All code shown goes in peak_detection_.pyx.
First wrap std::move. For simplicity I've just wrapped the one case we want (vector<Peak>) rather than messing about with templates.
cdef extern from "<utility>":
vector[Peak]&& move(vector[Peak]&&) # just define for peak rather than anything else
Second, create a vector wrapper class. This defines the Python functions necessary to access it like a list. It also defines a function to call the move assignment operator
cdef class PyPeakVector:
cdef vector[Peak] vec
cdef move_from(self, vector[Peak]&& move_this):
self.vec = move(move_this)
def __getitem__(self,idx):
return PyPeak2(self,idx)
def __len__(self):
return self.vec.size()
Then define the class the wraps the Peak. This is slightly different to your other class in that it doesn't own the Peak it wraps (the vector does). Otherwise, most of the functions remain the same
cdef class PyPeak2:
cdef int idx
cdef PyPeakVector vector # keep this alive, since it owns the peak rather that PyPeak2
def __cinit__(self,PyPeakVector vec,idx):
self.vector = vec
self.idx = idx
cdef Peak* getthisptr(self):
# lookup the pointer each time - it isn't generally safe
# to store pointers incase the vector is resized
return &self.vector.vec[self.idx]
# rest of functions as is
# don't define a destructor since we don't own the Peak
Finally, implement getPeaks()
cdef class PyPeakDetection:
# ...
def getPeaks(self, data):
cdef Peak peak
cdef PyPeak new_peak
cdef vector[Peak] peaks = self.thisptr.getPeaks(data)
retval = PyPeakVector()
retval.move_from(move(peaks))
return retval
Alternative approaches:
If Peak was nontrivial you could go for an approach where you call move on Peak rather that on the vector, as you construct your PyPeaks. For the case you have here move and copy will be equivalent for `Peak.
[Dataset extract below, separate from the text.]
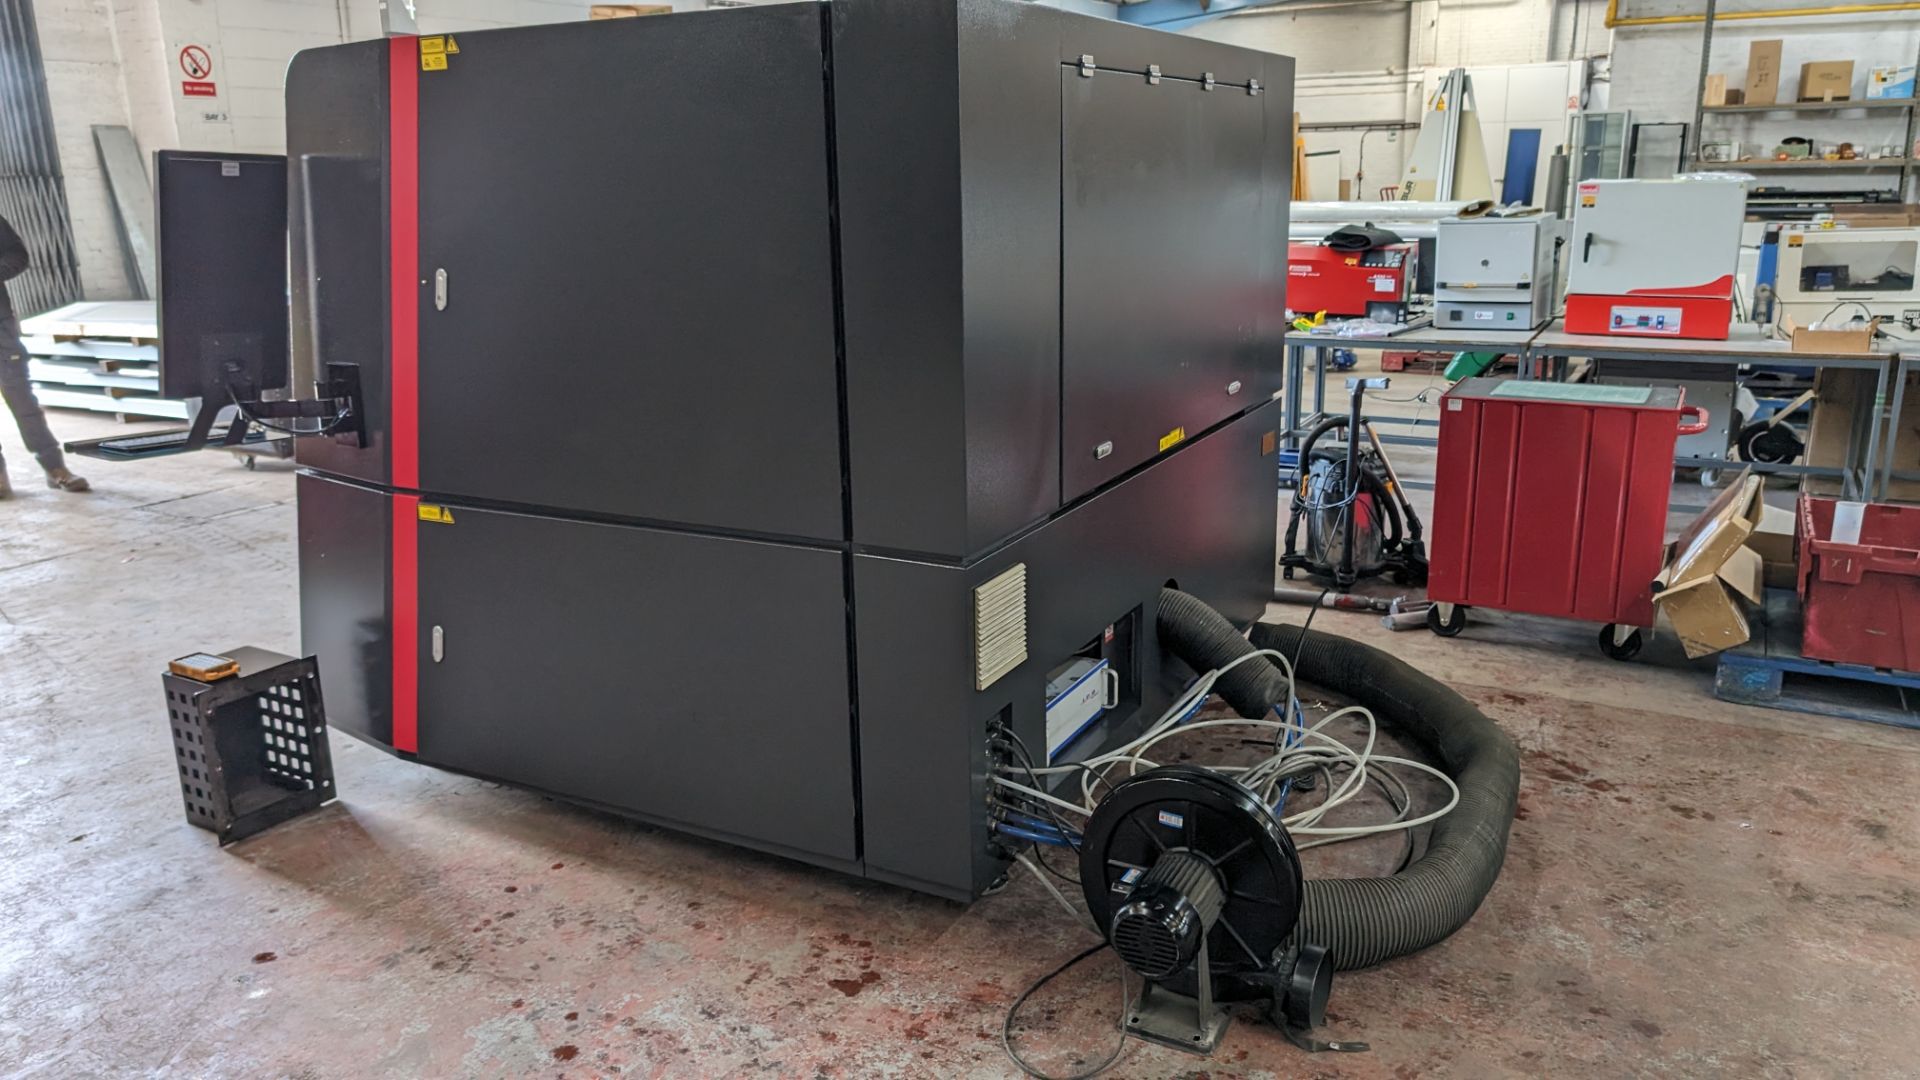 2021 HPC LS1390 1000W IPG fibre laser cutting machine. Includes external chiller. Includes extractio - Image 5 of 41

If you can't use C++11 features you'll need to change the interface a little. Instead of having your C++ getPeaks function return a vector have it take an empty vector reference (owned by PyPeakVector) as an input argument and write into it. Much of the rest of the wrapping remains the same.
There are two projects that accomplish interfacing with C++ code into Python that have withstood the test of time Boost.Python and SWIG. Both work by adding additional markup to pertinent C/C++ code and generating dynamically loaded python extension libraries (.so files) and the related python modules.
However, depending on your use case there may still be some additional markup that looks like "copying." However, the copying should not be as extensive and it will all be exposed in the C++ code rather than being explicitly copied verbatim in Cython/Pyrex.